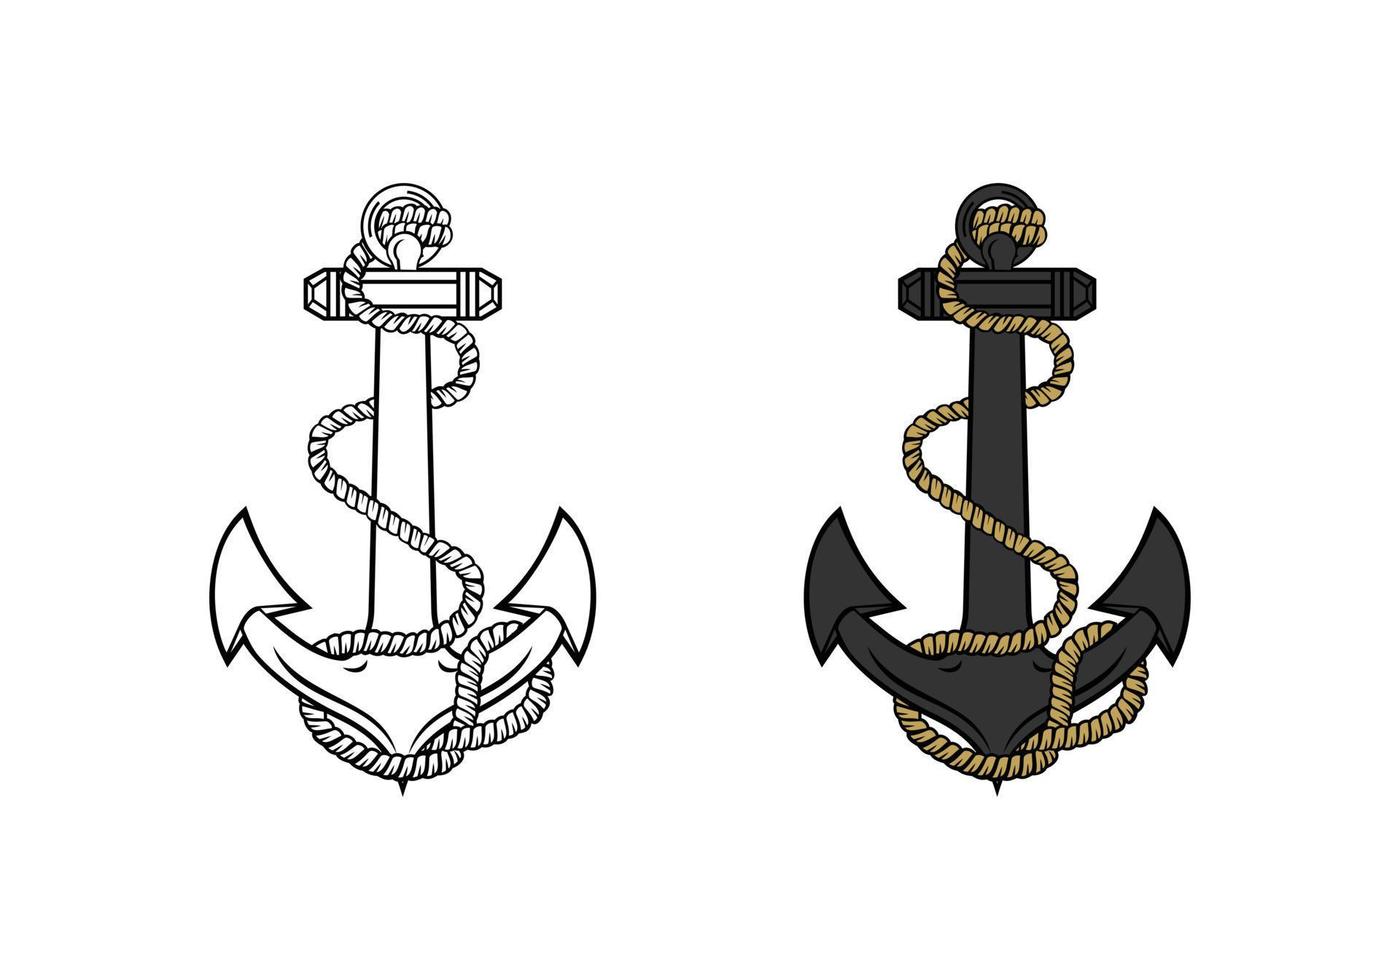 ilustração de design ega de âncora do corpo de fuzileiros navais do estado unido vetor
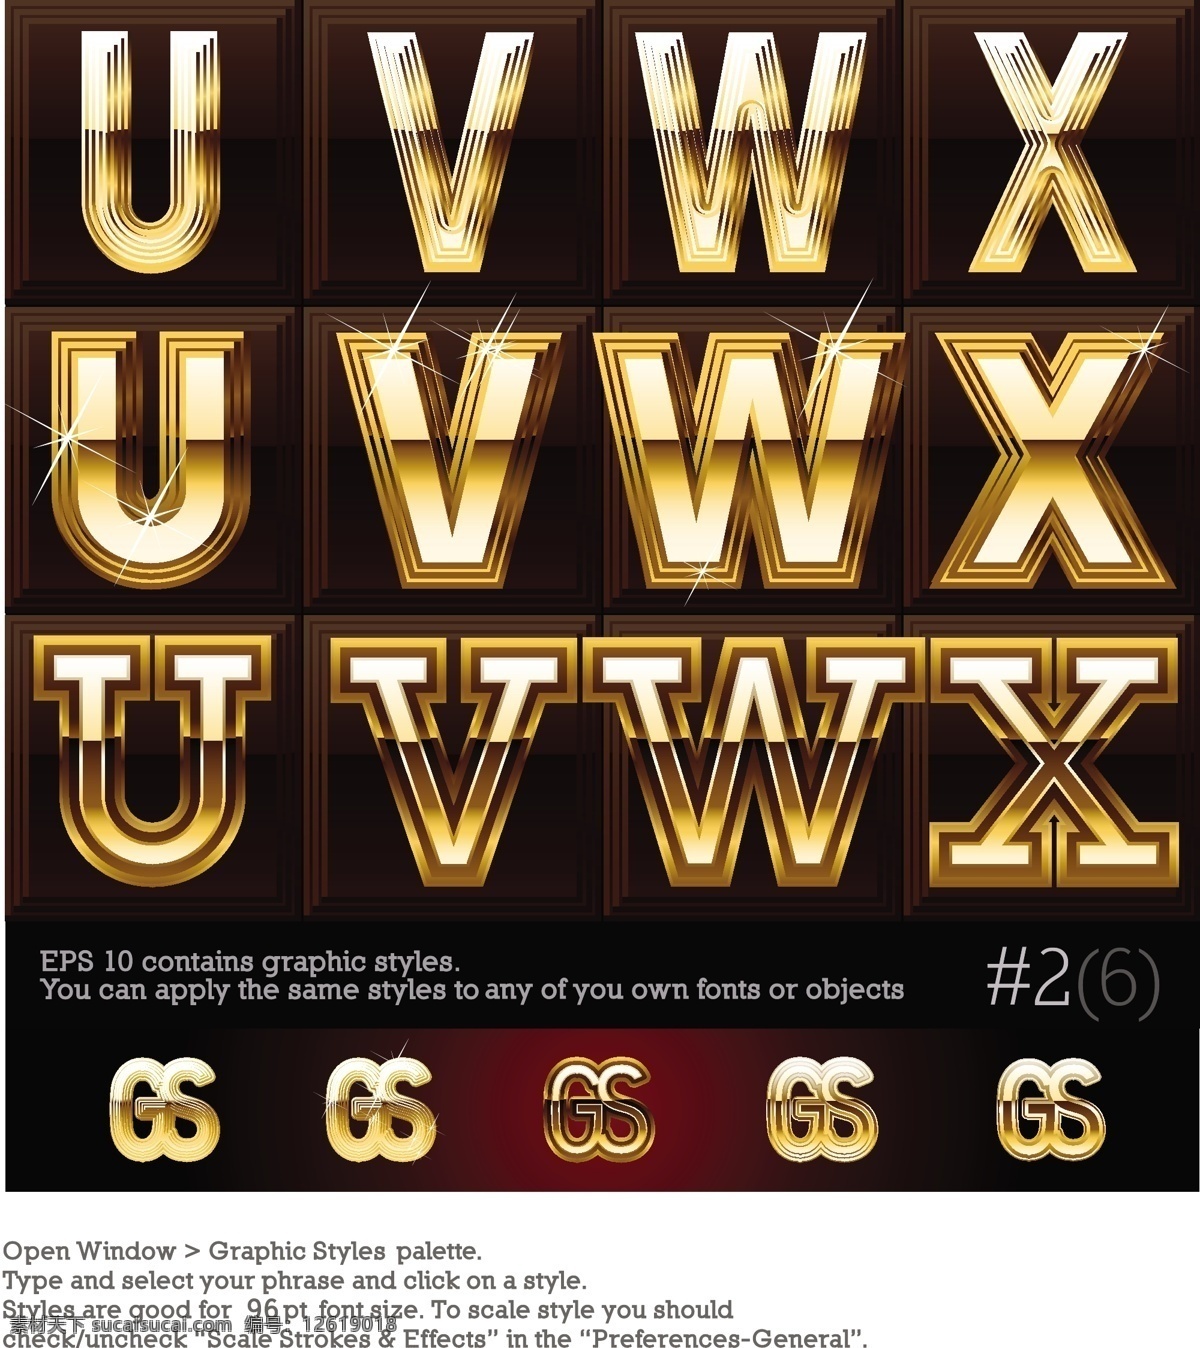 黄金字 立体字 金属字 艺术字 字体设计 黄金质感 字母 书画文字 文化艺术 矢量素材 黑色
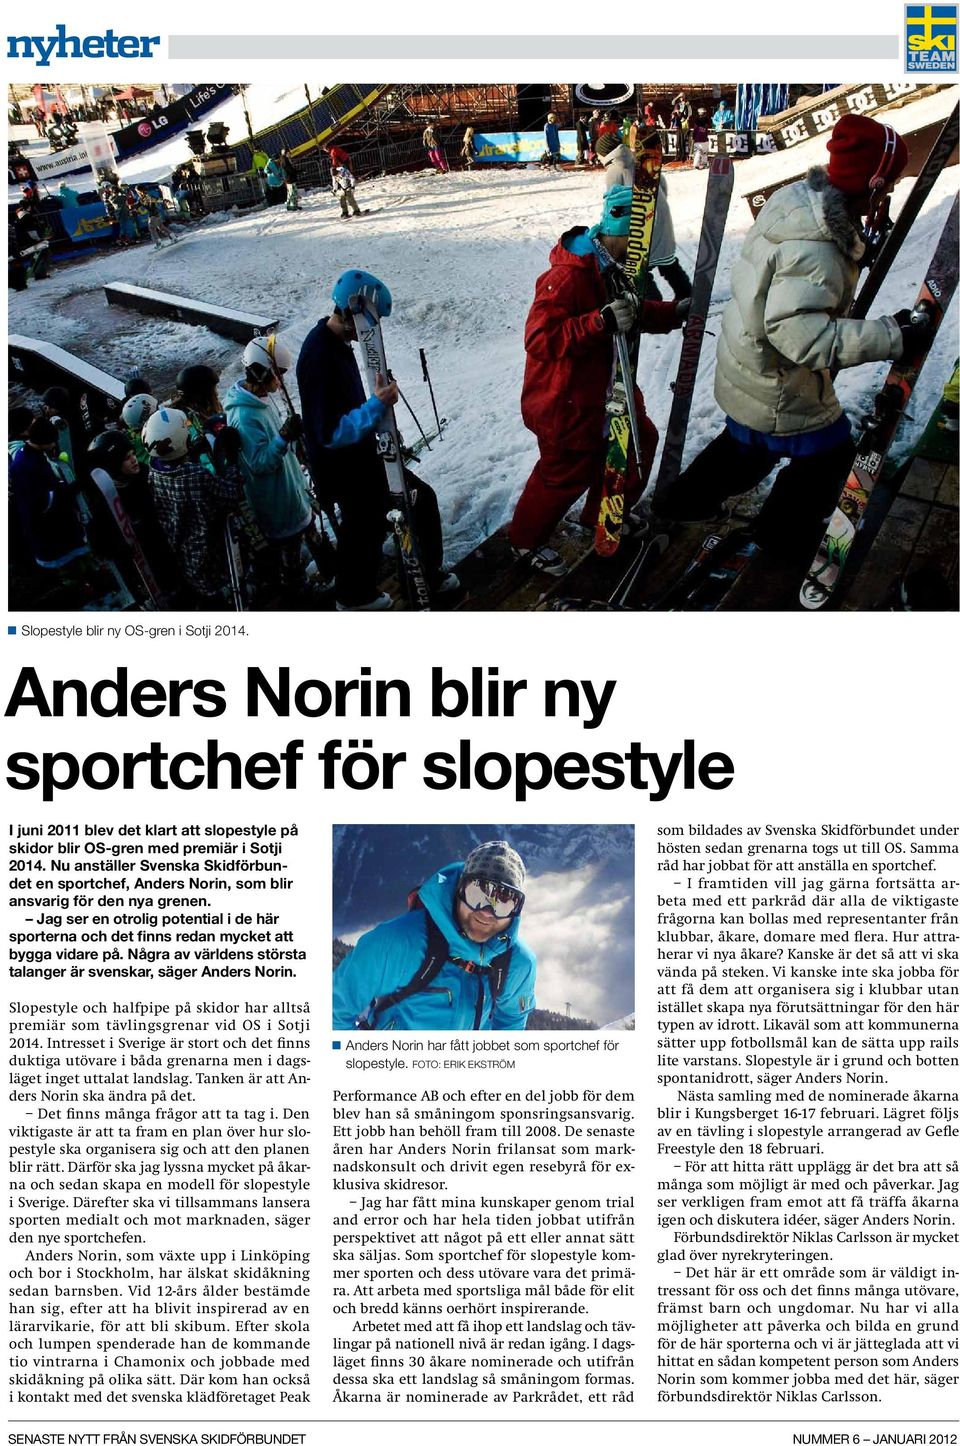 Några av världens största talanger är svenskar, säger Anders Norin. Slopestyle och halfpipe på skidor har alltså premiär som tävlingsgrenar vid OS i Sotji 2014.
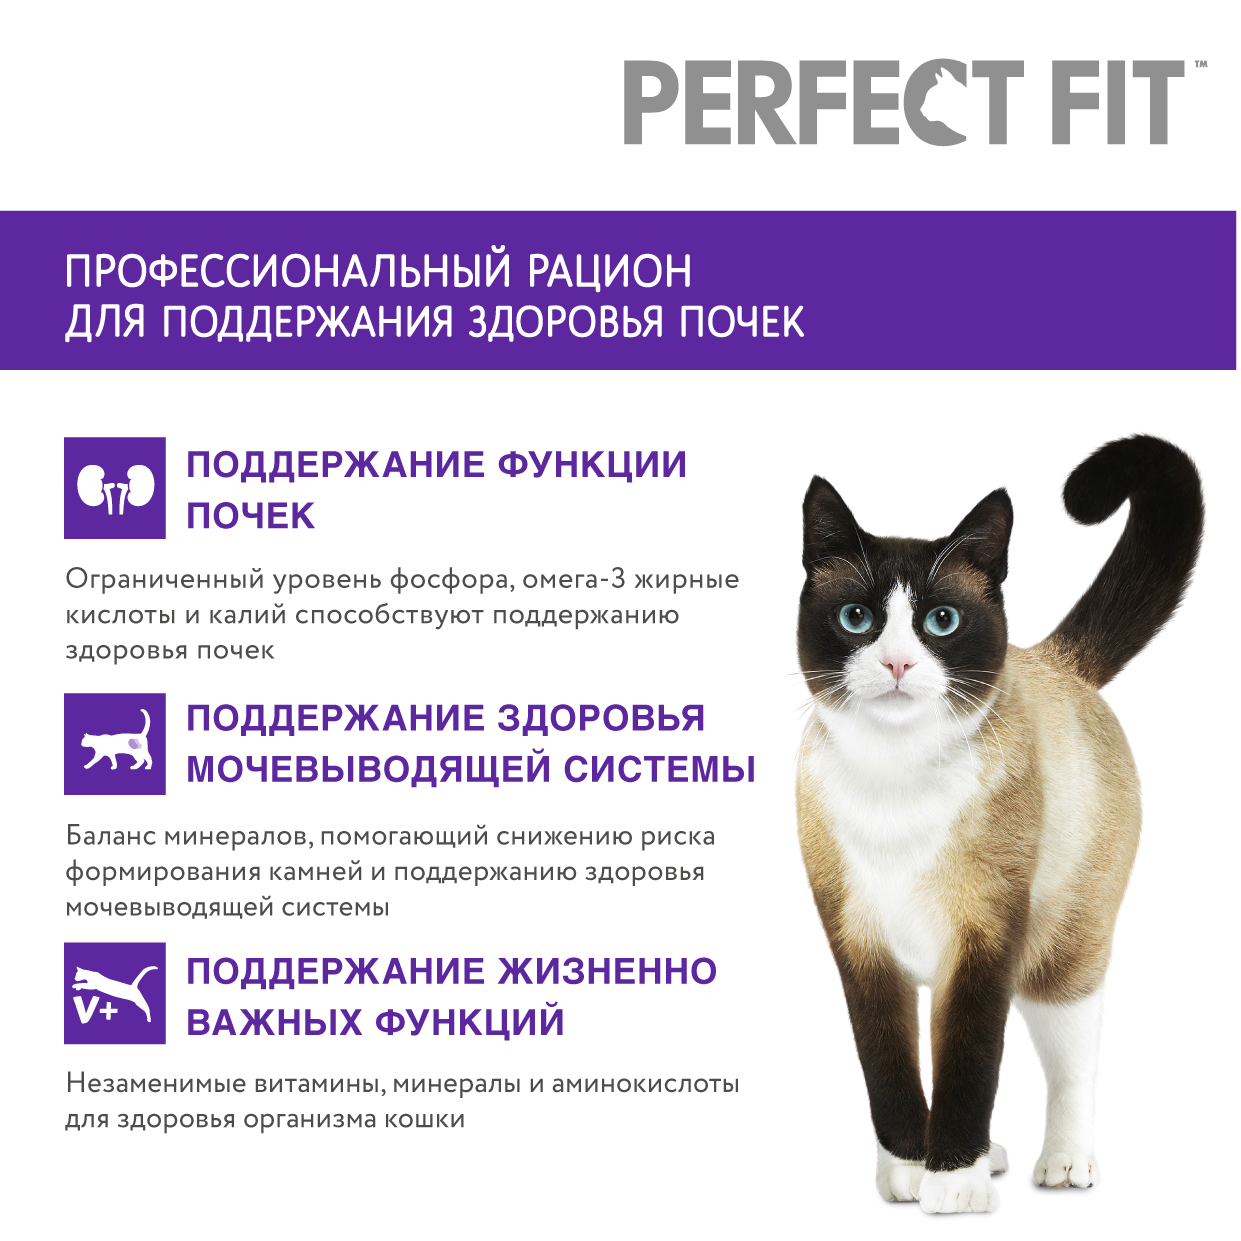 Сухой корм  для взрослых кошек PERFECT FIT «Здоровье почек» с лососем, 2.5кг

==============================

Transcribe all data precisely. Pictures are not copied.

◆ **SOLUTION FOR THIS EXERCISE**
 ilustração de design ega de âncora do corpo de fuzileiros navais do estado unido vetor
 黄金字 立体字 金属字 艺术字 字体设计 黄金质感 字母 书画文字 文化艺术 矢量素材 黑色
 Några av världens största talanger är svenskar, säger Anders Norin. Slopestyle och halfpipe på skidor har alltså premiär som tävlingsgrenar vid OS i Sotji 2014.
 Сухой корм  для взрослых кошек PERFECT FIT «Здоровье почек» с лососем, 2.5кг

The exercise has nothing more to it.